Analysts at Citi reinforced this view. With OPEC+ unlikely to flood the market soon and Iranian nuclear negotiations stalled, the primary risk to market fundamentals was demand deterioration from new virus restrictions. But even they acknowledged the structural reality: only a truly massive demand collapse would tip the market into surplus. JPMorgan projected global demand would average 99.6 million barrels per day in August, up 5.4 million barrels from April levels. That recovery, if it held, would keep prices supported despite near-term volatility.

What emerged from Thursday's trading was a market in tension but not in panic. Prices had gained 4.2 percent the day before and retained most of those gains even as inventory data disappointed. The message was clear: traders believed the supply-demand balance would tighten again once the immediate virus threat receded. The inventory rise was a blip, not a trend.
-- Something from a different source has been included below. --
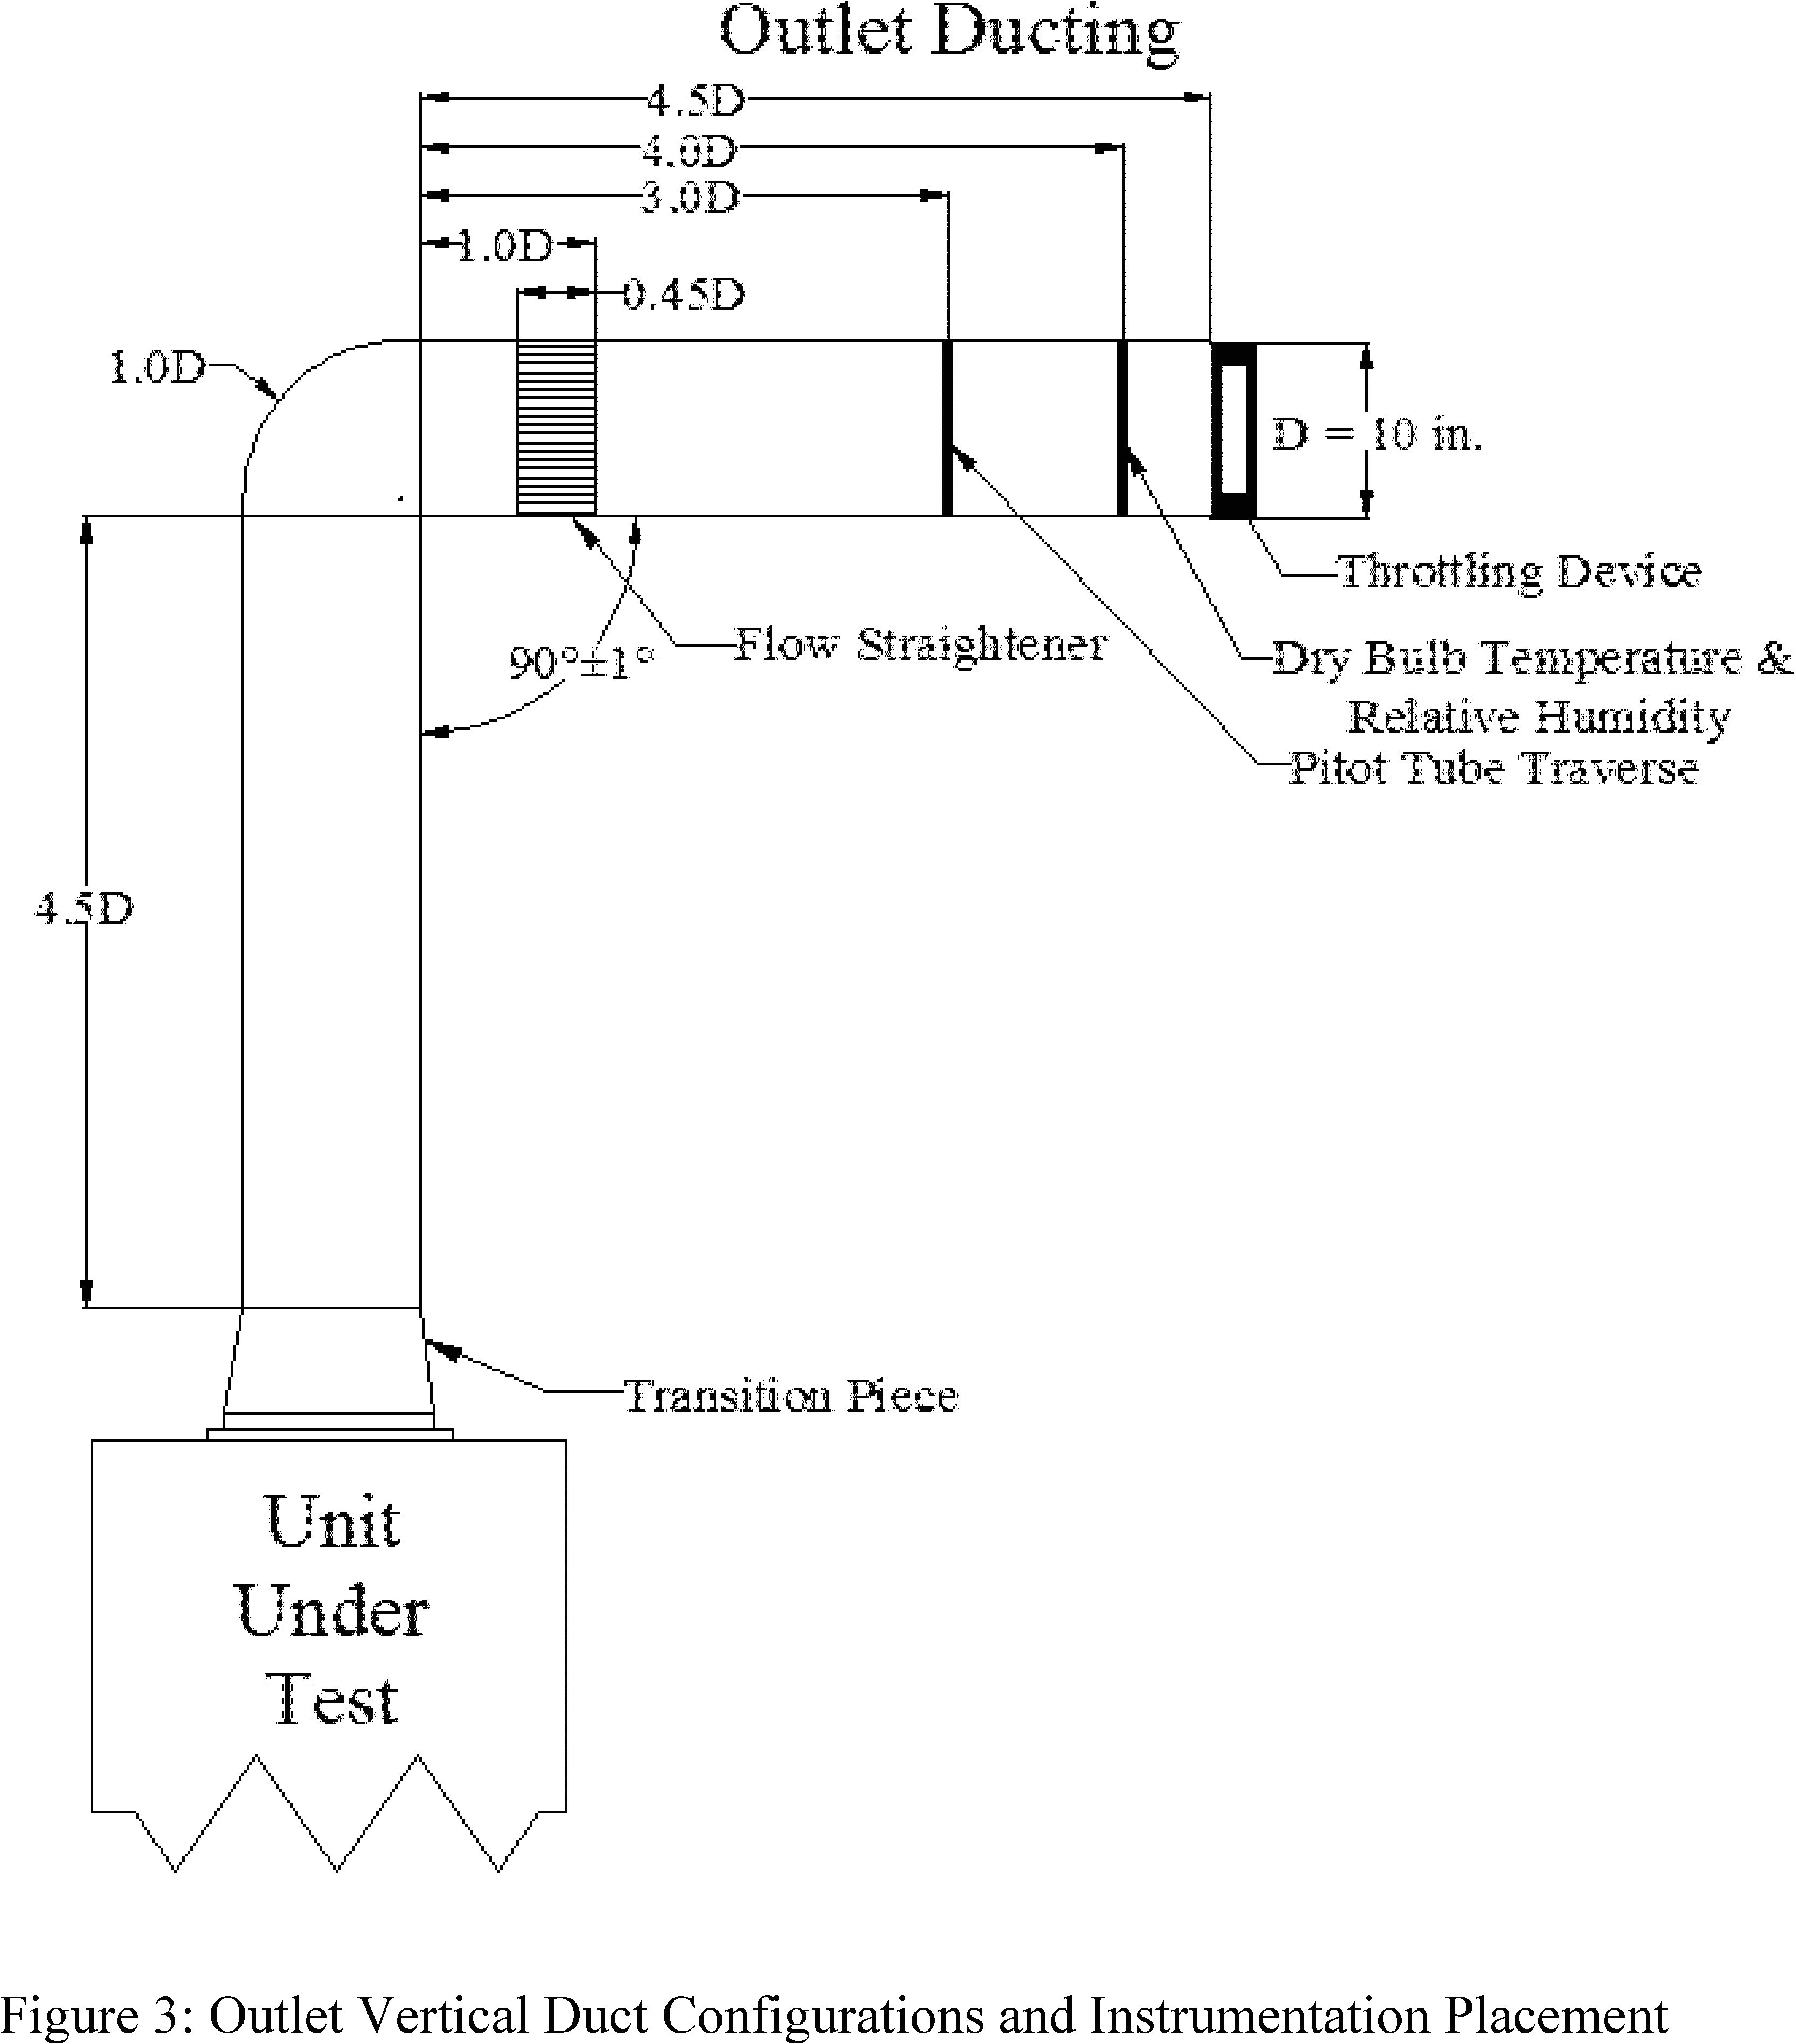 freezer thermostat wiring diagram adanaliyiz org wiring diagram trane heat pump twe036c14

Whether that confidence would prove justified depended on how quickly COVID-19 cases peaked and restrictions eased—a question no analyst could answer with certainty.

Oil will struggle to recoup all of its losses until the trend of new curbs or restrictions starts to ease across Southeast Asia, Australia, and Europe
— Edward Moya, senior analyst at OANDA
Only a really tremendous demand shortfall would tip the market balance into a surplus
— Analysts from Citi
A Conversa do Hearth Outra perspectiva sobre a história
Inventor

Why did oil prices barely budge when inventories rose unexpectedly? That seems like it should have mattered more.

Model

It did matter, but it was only half the story. Yes, crude stockpiles went up when everyone expected them to fall. But gasoline and distillate inventories both fell, which meant demand was actually there. Traders saw the inventory rise as noise, not signal.

Inventor

So the market is betting that this is temporary?

Model

Exactly. The Delta variant is creating real near-term uncertainty about demand. But the consensus view is that supply will stay tight through the end of the year. If you believe that, then a one-week inventory build doesn't change the fundamental picture.

Inventor

What would actually break that consensus?

Model

A truly massive collapse in demand—the kind that would flip the market from deficit to surplus. Analysts said it would take something really tremendous. Right now, they're expecting global demand to keep recovering through August and beyond.

Inventor

And if virus restrictions get worse instead of better?

Model

Then you'd see more volatility like Thursday. Prices would struggle. But the structural tightness in supply would still be there, still supporting prices. It's a floor, not a ceiling.